Из всего вышеписанного легко можно усмотреть, что славная сия баталия при Колине происходила в Богемии, в самый тот день, в который пришли мы с армиею в помянутое польское местечко Ковны. Цесарцы не преминули тотчас отправить к нам курьера с уведомлением о своей победе; но мы не прежде известие о том получили, как 16-го июня.
Легко можно заключить, что известие сие было для всех нас весьма приятно, ибо как цесарцы были наши союзники, и мы за них сами воевать шли и в короле прусском имели общего неприятеля, то и произвело оное во всей нашей армии такую же почти радость, как бы победа сия одержана была над ним собственными вашими войсками. Фельдмаршал не преминул тотчас во всей армии оную обнародовать, и тотчас сообщены были во все полки копии с полученной цесарской реляции. После чего собраны были со всех полков и все полковые священники в главную квартиру, где, при громе пушек, принесено было Всевышнему торжественное благодарение. Все генералы обедали в тот день у фельдмаршала, и пушки принуждены были работать во весь тот день и оглушать громом своим ковенских жителей.
После чего не стали мы уже более тут медлить, но в тот же еще день отданы были приказы, чтоб мы в поход далее иттить готовились. Но я отложу повествование о дальнейшем нашем походе до последующего письма, а между тем, остаюсь и проч.

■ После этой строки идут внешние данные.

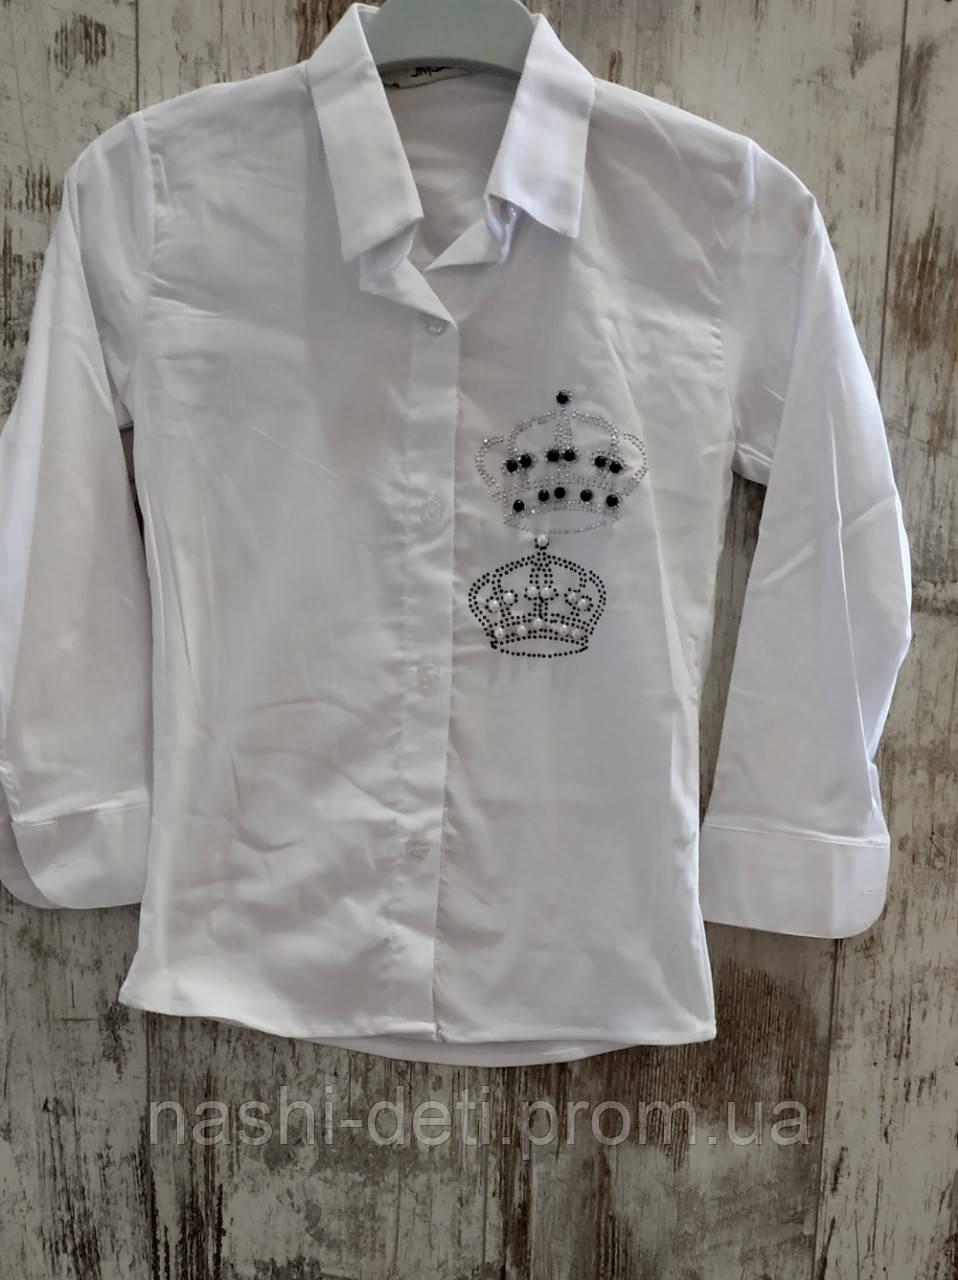 Рубашка для девочек. Размер от 6-9 лет.

Любезный приятель! Итак, не успели мы получить выше упомянутого радостного известия, как полководцы наши не восхотели долее медлить в Ковнах, но стали поспешать походом, и для того, на другой же день после того, то есть 17-го июня, велено уже было некоторым бригадам выходить в поход и понемногу перебираться за реку Немонт, чрез которую сделан был также изрядный мост на понтонах. В следующий затем день продолжала армия перебираться, и в сей день выехал и сам генерал-фельдмаршал из Ковен; но вся армия не могла никак перебраться прежде 21 числа, в который день перешел, наконец, и наш полк вместе с прочими.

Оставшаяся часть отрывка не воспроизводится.